▸ **SOURCE DATA**

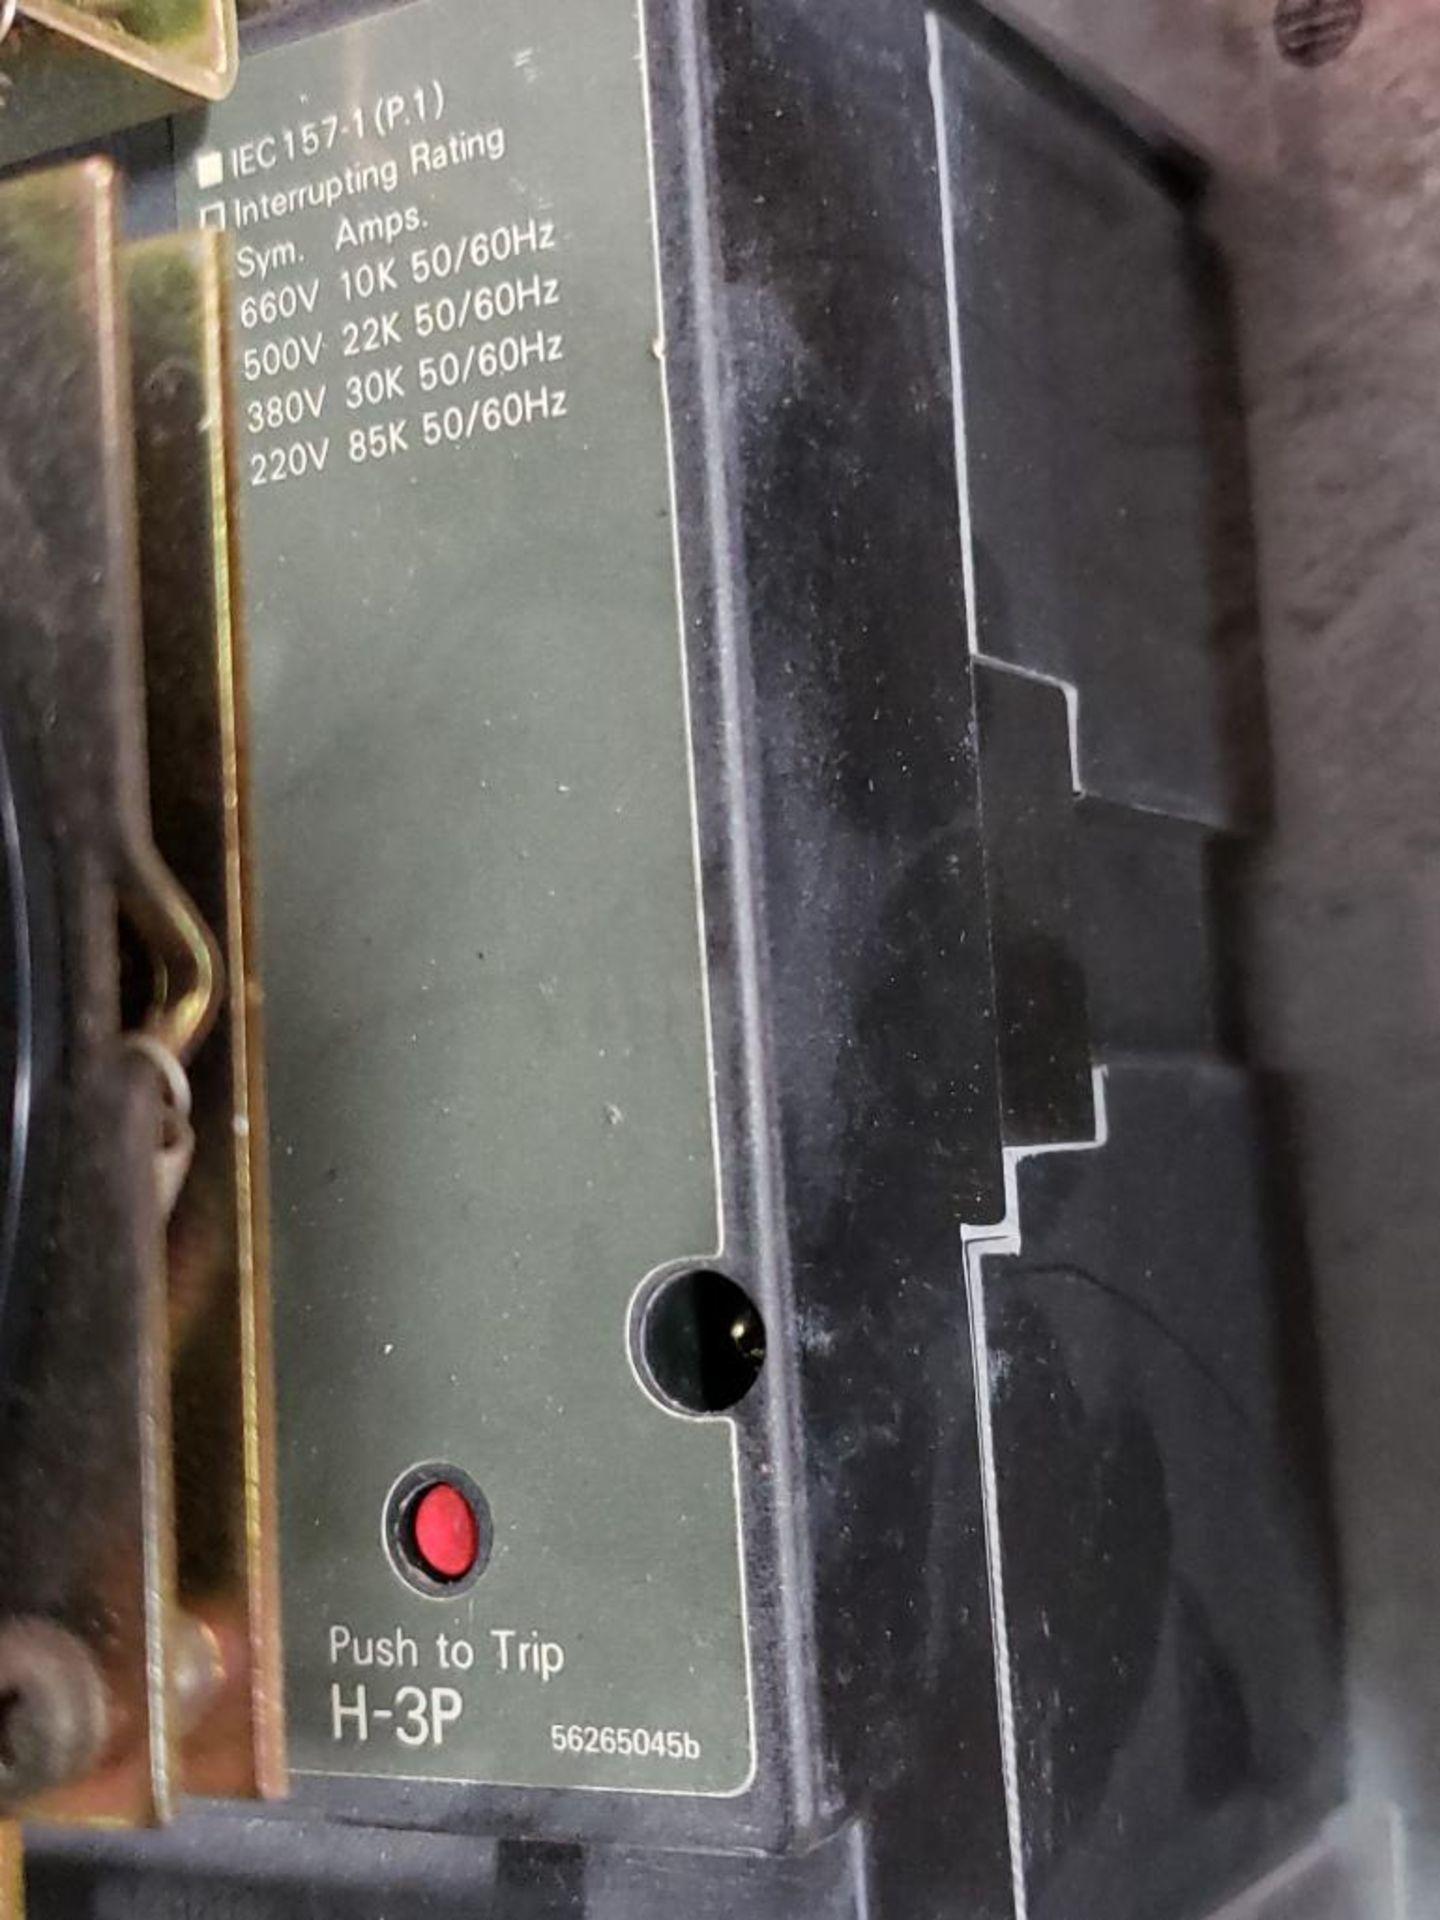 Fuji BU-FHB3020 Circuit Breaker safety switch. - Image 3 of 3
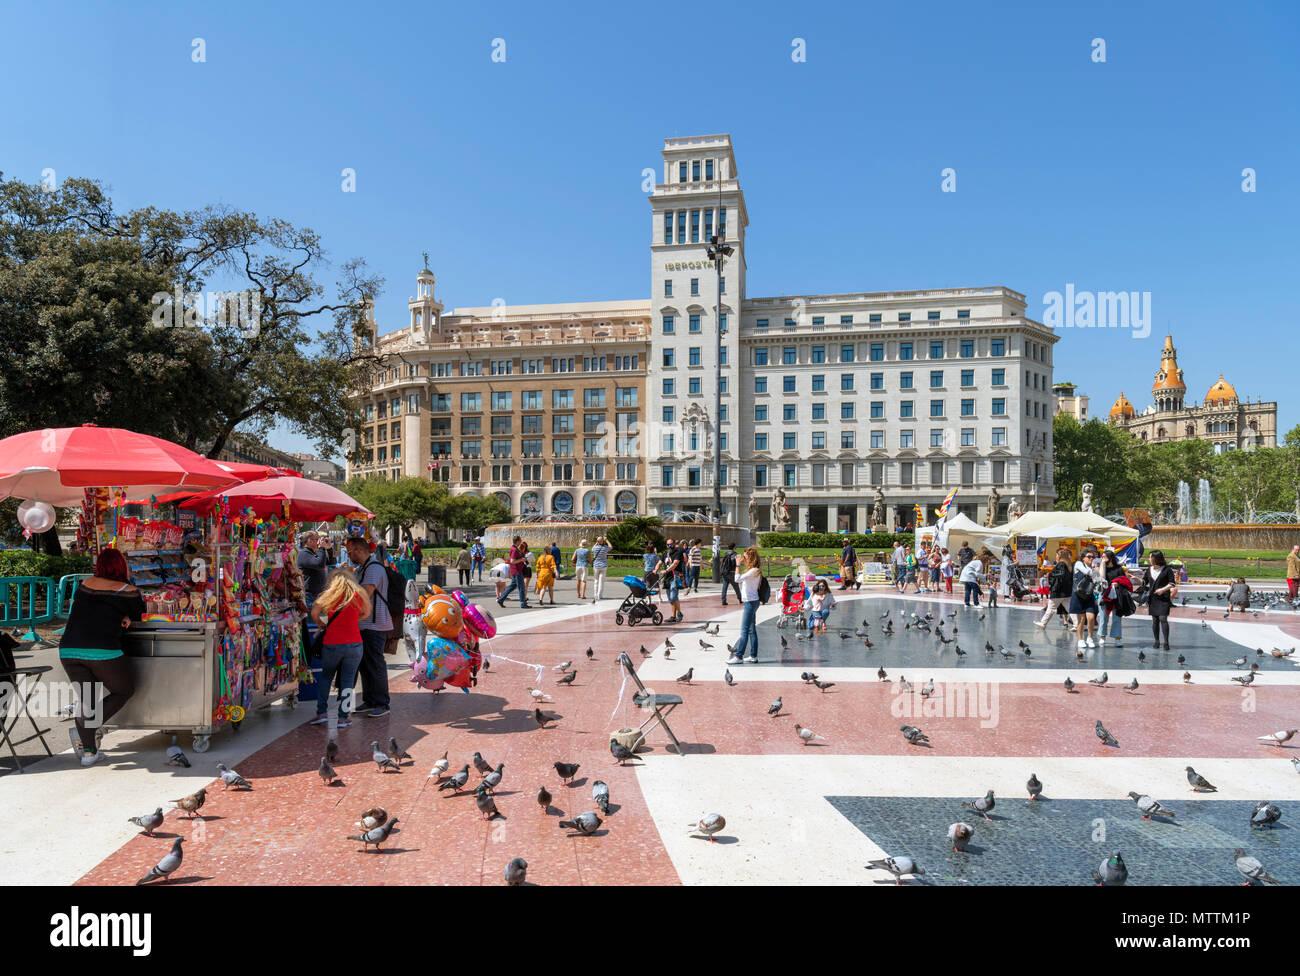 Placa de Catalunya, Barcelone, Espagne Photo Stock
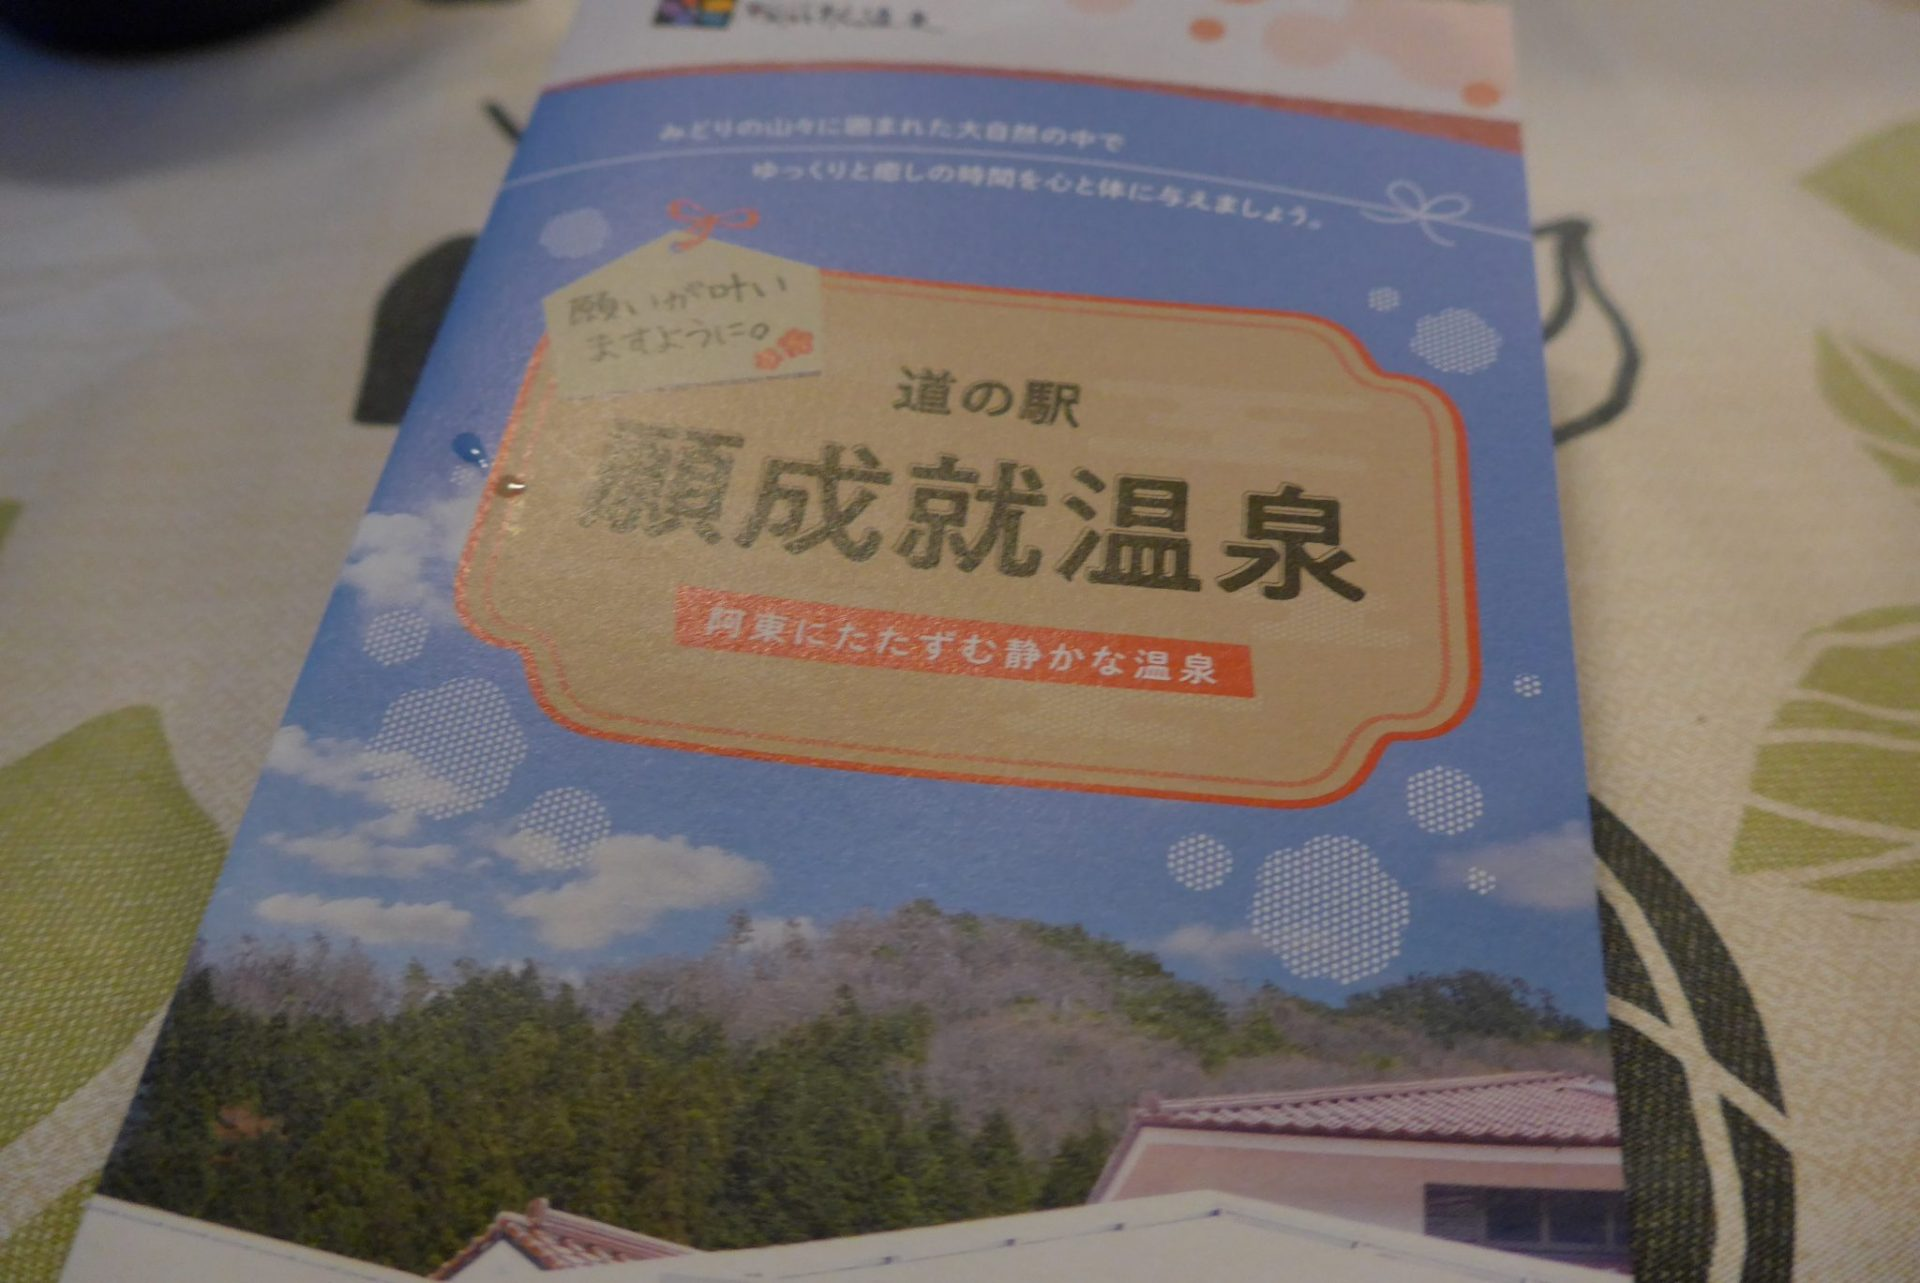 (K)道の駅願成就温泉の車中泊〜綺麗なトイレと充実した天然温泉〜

▸ **TO DO**
Only the pictures are to be left out; repeat all other material exactly.

▸ **SOLUTION FOR THIS TASK**
 Fuji BU-FHB3020 Circuit Breaker safety switch. - Image 3 of 3
 Placa de Catalunya, Barcelone, Espagne Photo Stock
 (K)道の駅願成就温泉の車中泊〜綺麗なトイレと充実した天然温泉〜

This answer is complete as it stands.